TCT: Twitter has recently given Deb Roy of the MIT Media Lab funding and access to not only its historical data, but also its fire hose of daily tweets.4 Some scholars – Tafuri and Vidler come to mind – have argued the speciousness of operating as a historian in the immediate present. As our sources of historical material become available in real time, is there a historiographical role for historians to play? As a cultural historian and leading pioneer of the digital humanities, what opportunities do you see for a real time historiographical method? Or, is this simply confusing history with theory?
JS: Though I greatly admire both Tafuri and Vidler, I am intrigued by the notion of expanding the compass of historiography to encompass the immediate present, even if such an expansion unbalances our conventional sense of the existence of a clear partition line between “serious” scholarship and “mere” journalism, historical inquiry and analysis of the present. What counts as “historical” has always been a matter of contention within the field of history and it’s worth recalling that, up until a century ago, even modern history (not to mention, contemporary history) was often dismissed as unsuitable for historical analysis.

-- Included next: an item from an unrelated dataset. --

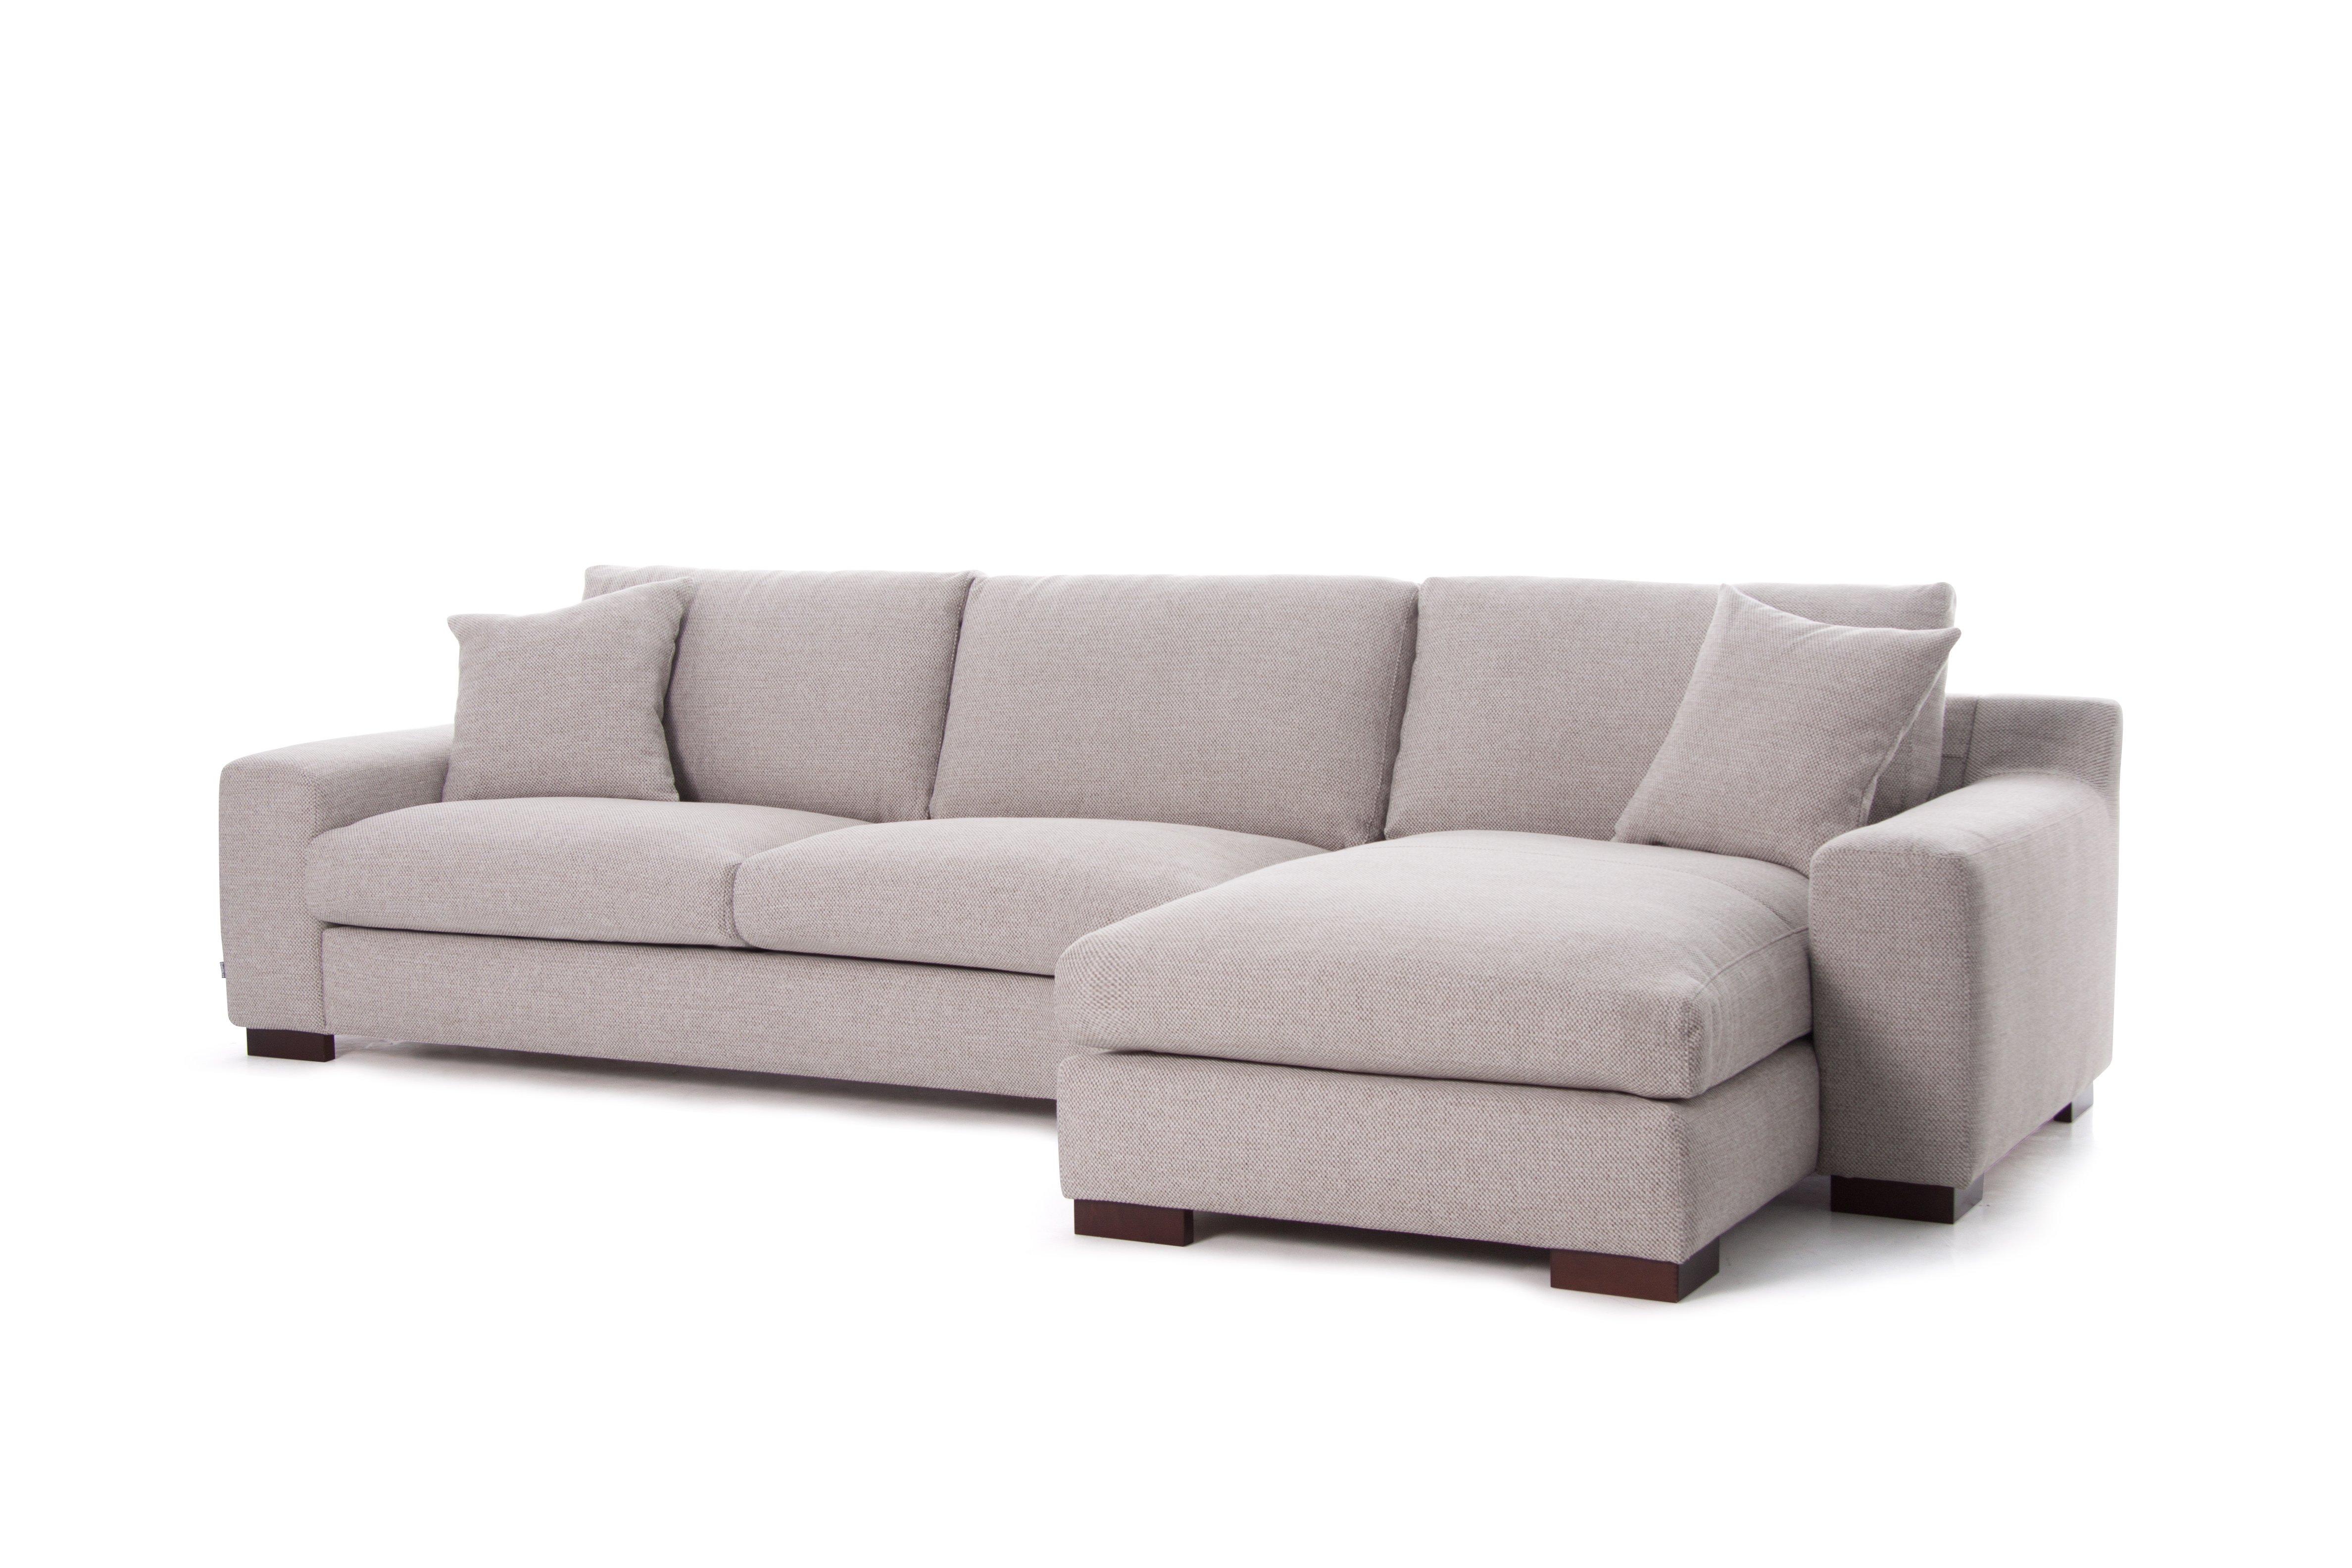 desiree furniture. Desiree_hq Desiree Furniture A
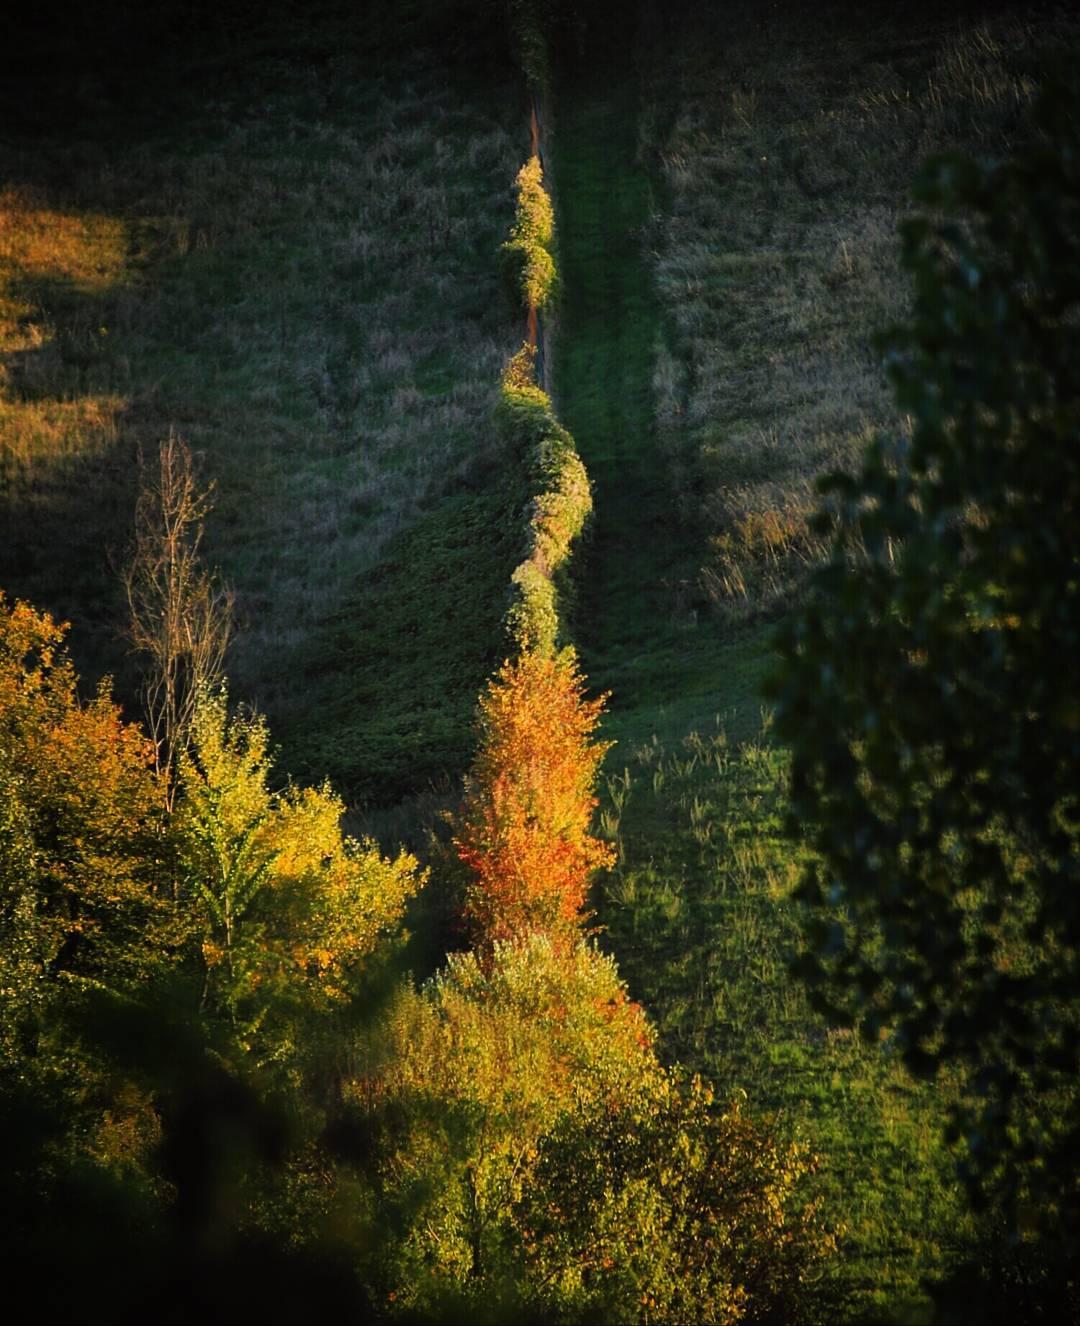 Fall Foliage #InEmiliaRomagna colli bolognesi ph. ilaria.dicocco

Real-time documentation, data that emerge right at the edge of unfolding events and that surround them like a halo even as events shapeshift, can allow us to excavate and tell stories on scales and from perspectives that were hitherto unthinkable. And the stories in question can be shaped both in traditional ways and in ways that reach audiences that are unlikely ever to pick up a scholarly monograph or read a specialized journal. I call this expanded field of scholarly practice “knowledge design,” a label that I prefer to “digital humanities,” and have recently published a pamphlet on for the Volkswagen Foundation, which can be downloaded online 5
By their very nature, traditional archives sculpted “events” into the sorts of sizes and scales that the recording and documentation technologies of a given era could support. We now have the opportunity to do so on other sizes and scales. The craft of the historian, the historian’s commitment to depth, complexity, attention to context, and to standards of evidence and proof, seems to me in no way compromised by writing histories of the present any more than it was by writing microhistories of forgotten phenomena or longue durée histories.
- 1. Digital Archive of Japan’s 2011 Disasters, http://jdarchive.org/en/home, accessed November 13, 2014 ^
- 2. Curarium, http://curarium.com/, accessed November 13, 2014. ^
- 3. Crawford, Kate, “The Anxieties of Big Data,” The New Inquiry May 30, 2014, accessed November 13, 2014. link ^
- 4. Christina Farr,”Twitter grants $10 million to MIT for social data analysis, new tools” Reuters, Oct 1, 2014, accessed November 13, 2014. link>/a> ^
- 5. Jeffrey Schnapp, “Knowledge Design” at Jeffreyschnapp.com, accessed November 13, 2014. link. ^
Faculty co-director of the Berkman Center for Internet and Society, Jeffrey T. Schnapp is Professor of Romance Languages & Literature and Comparative Literature, and also on the teaching faculty in the Department of Architecture at Harvard’s Graduate School of Design. He is the faculty director of metaLAB (at) Harvard. Before moving to Harvard in 2011, he occupied the Pierotti Chair of Italian Studies at Stanford, where he founded the Stanford Humanities Lab in 1999, a lab which he led and directed until his departure.